### [TASK OBJECTIVE]
Copy out the full data exactly as given; pictures should not be included.

### [COLLECTED DATA]
**********

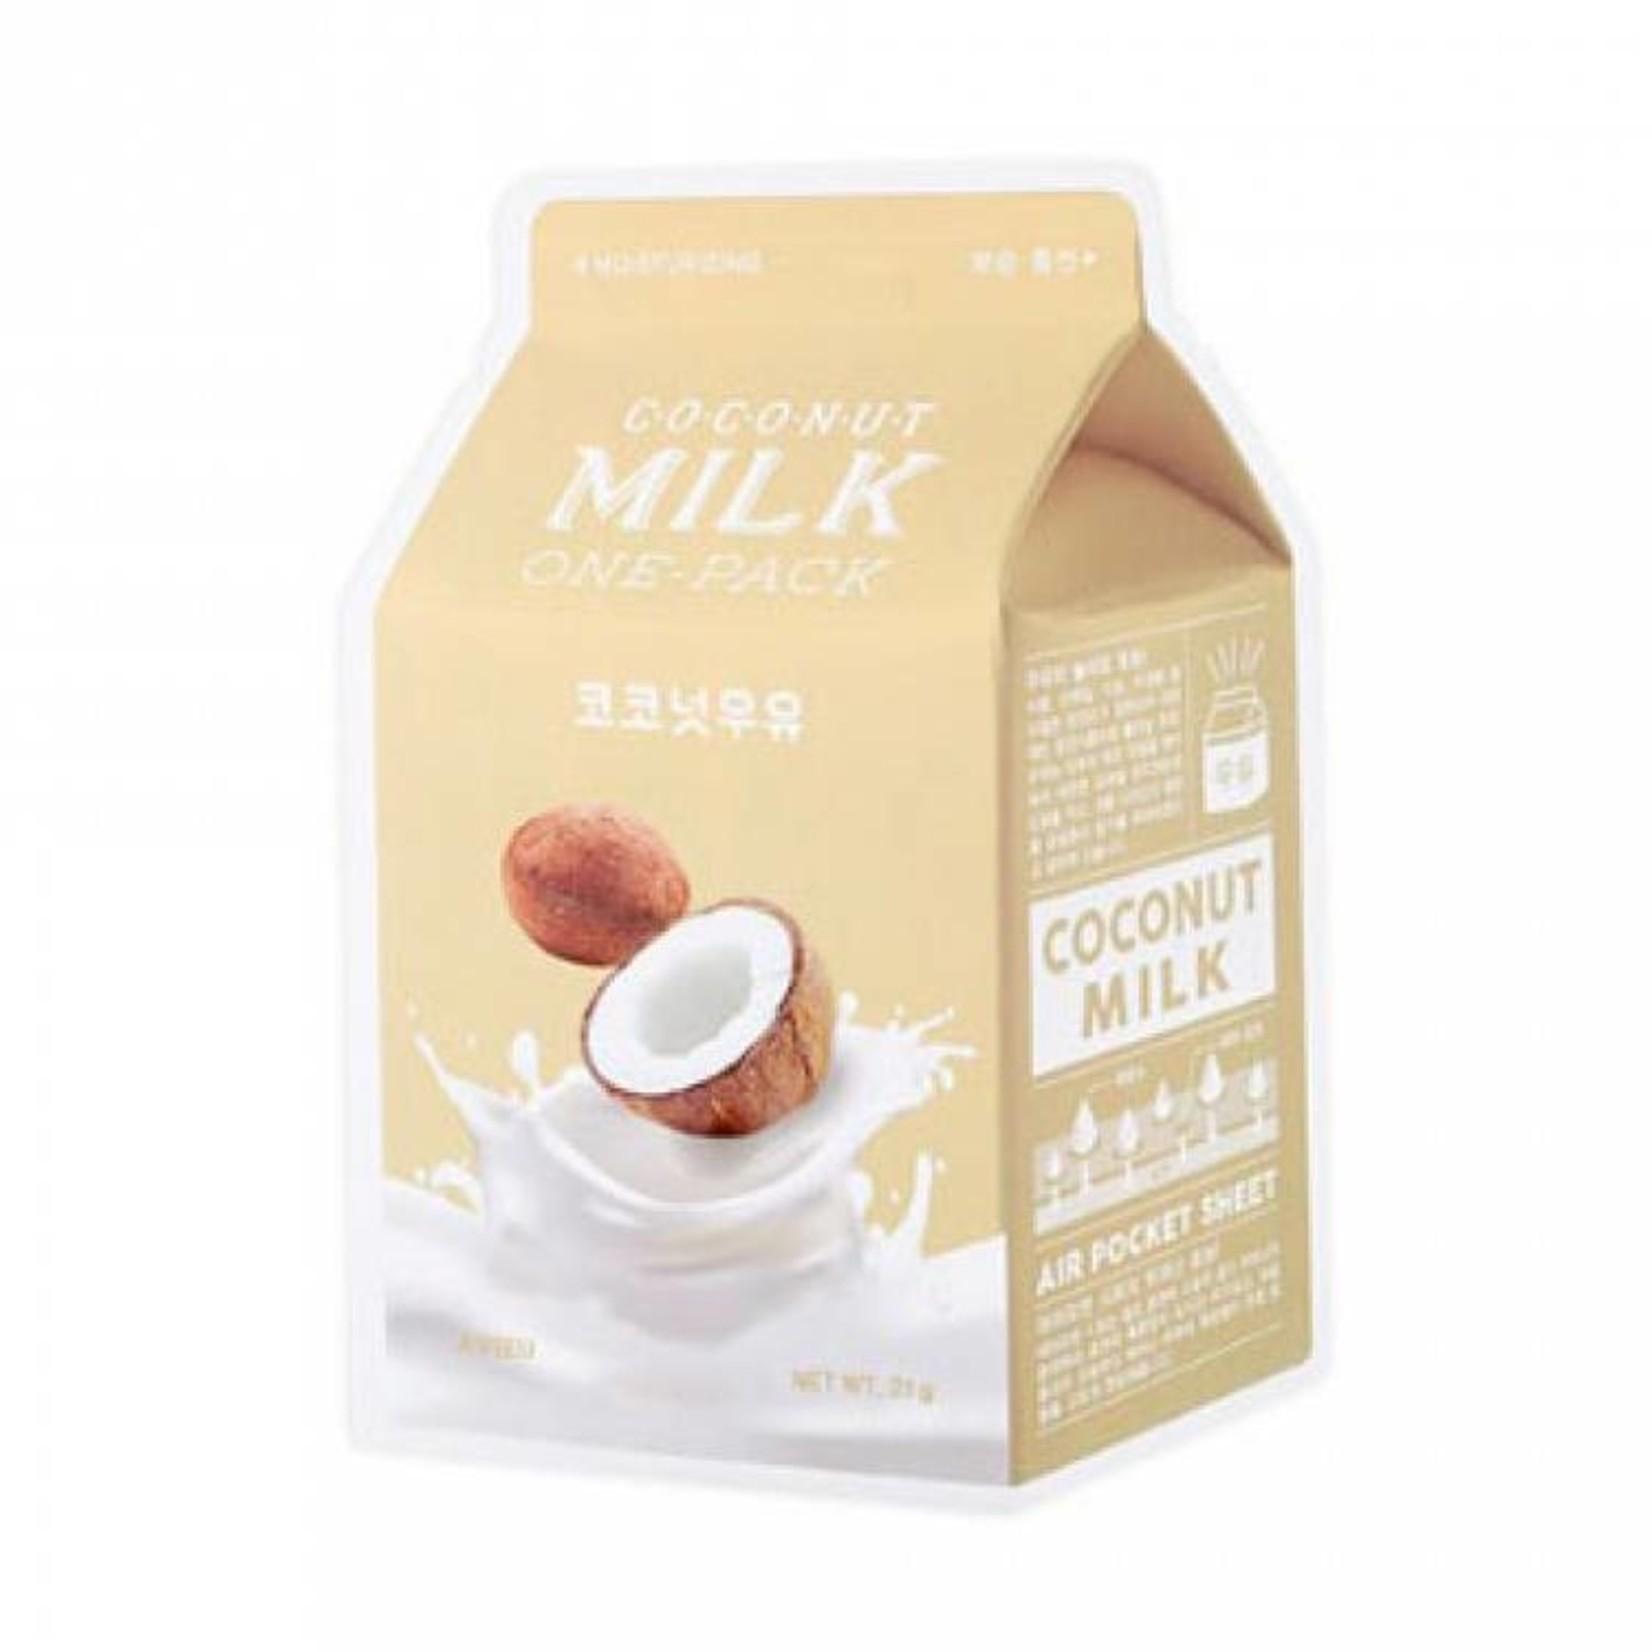 A'pieu Coconut Milk One Pack Mask 10 pcs
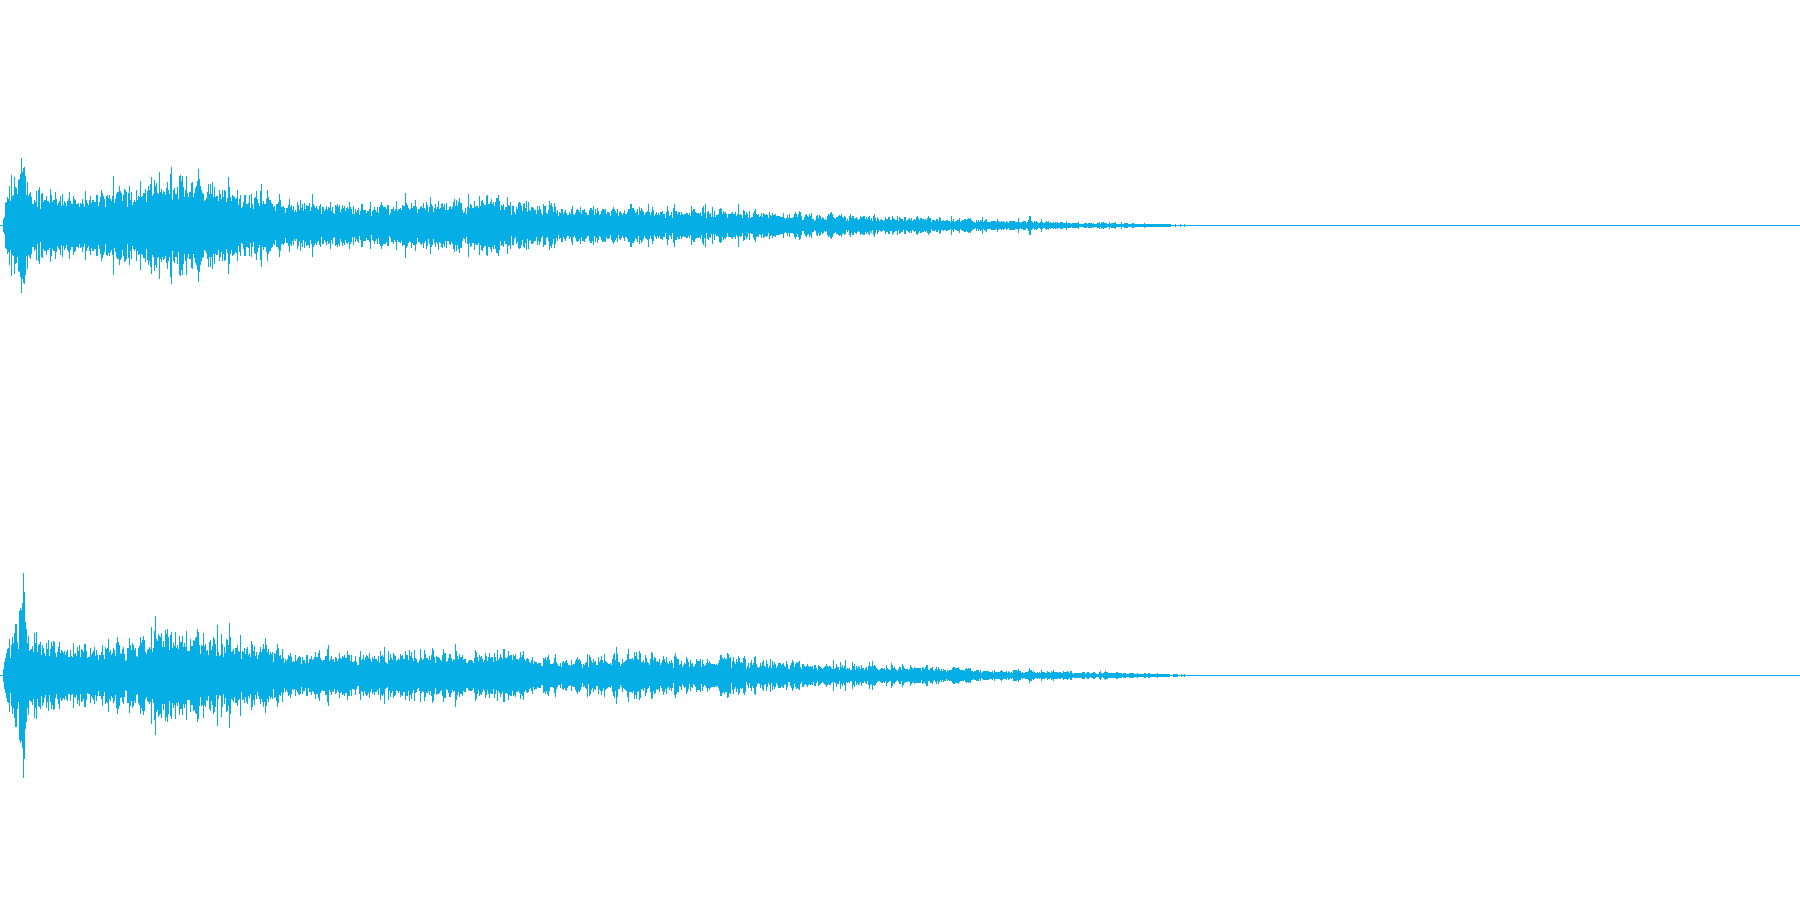 G♯メジャー インパクト音 衝撃音の再生済みの波形
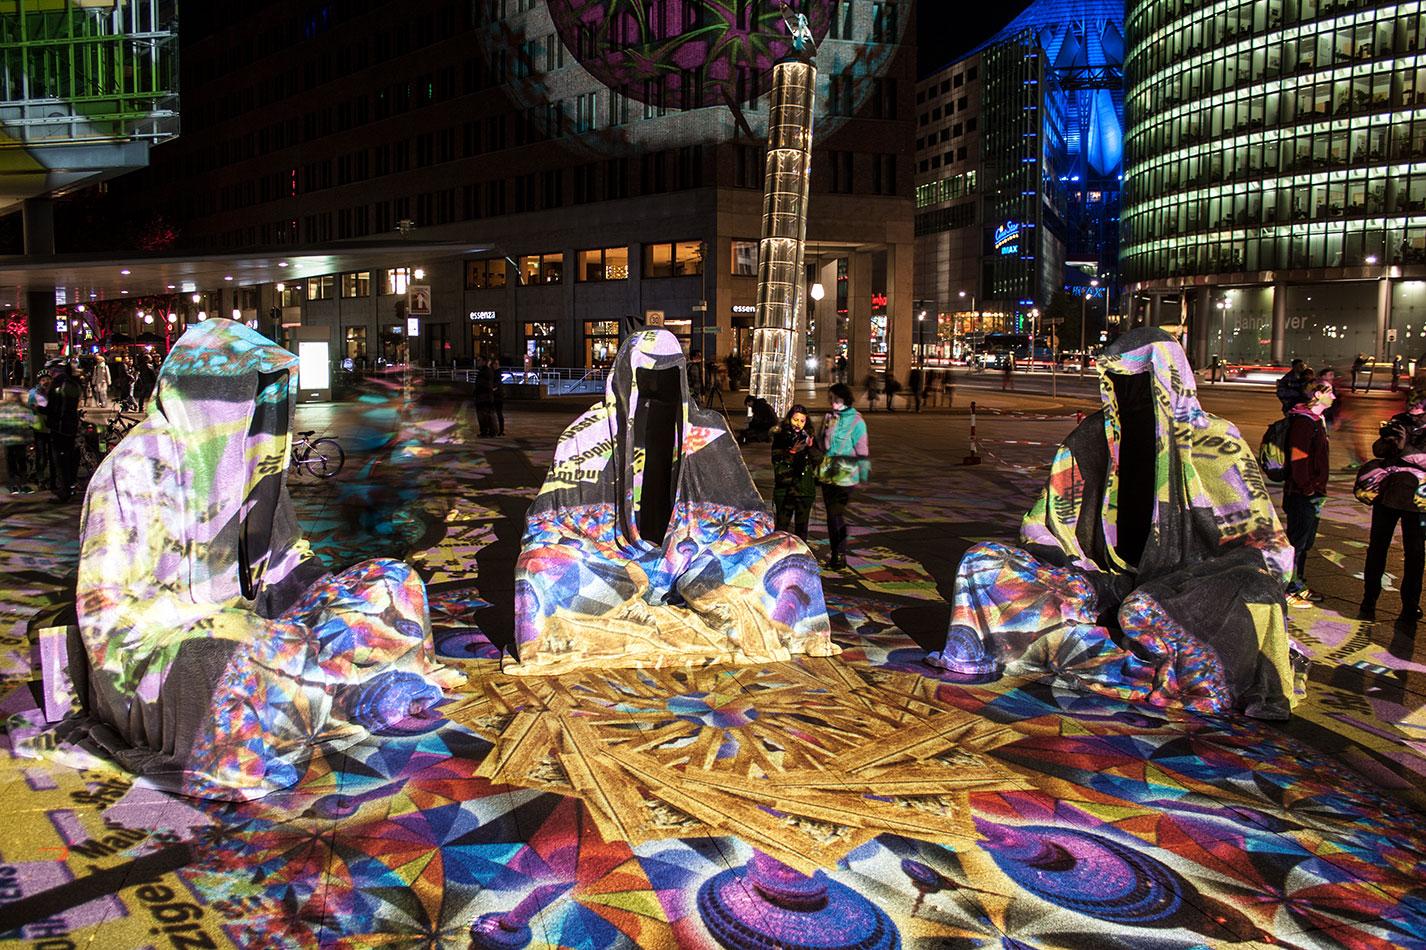 festival-of-lights-berlin-potzdamer-platz-light-art-show-exhibition-lumina-guardians-of-time-manfred-kili-kielnhofer-contemporary-arts-design-large-scale-monumental-public-sculpture-3665
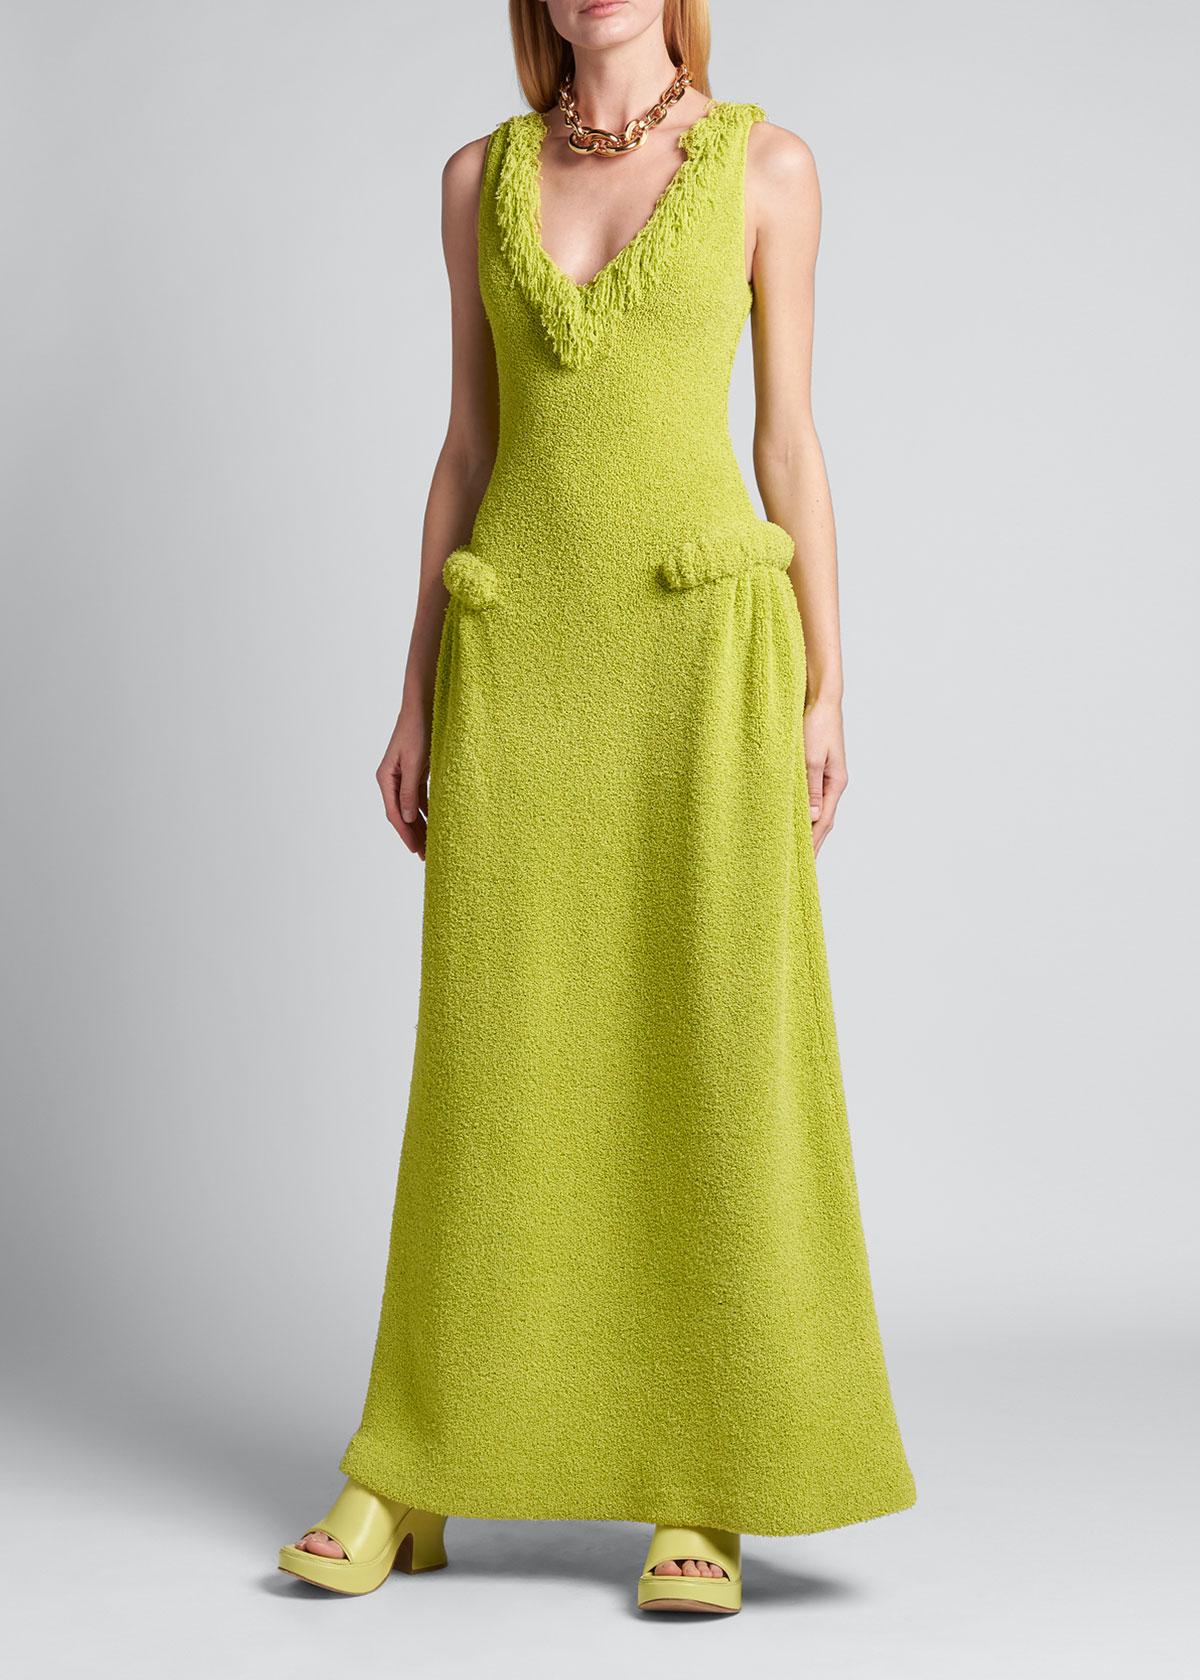 Bottega Veneta Gowns TOWELLING KNIT FRINGE A-LINE GOWN

**********

### [WRITTEN RESPONSE]
 A'pieu Coconut Milk One Pack Mask 10 pcs
 G♯メジャー インパクト音 衝撃音の再生済みの波形
 festival-of-lights-berlin-potzdamer-platz-light-art-show-exhibition-lumina-guardians-of-time-manfred-kili-kielnhofer-contemporary-arts-design-large-scale-monumental-public-sculpture-3665
 Bottega Veneta Gowns TOWELLING KNIT FRINGE A-LINE GOWN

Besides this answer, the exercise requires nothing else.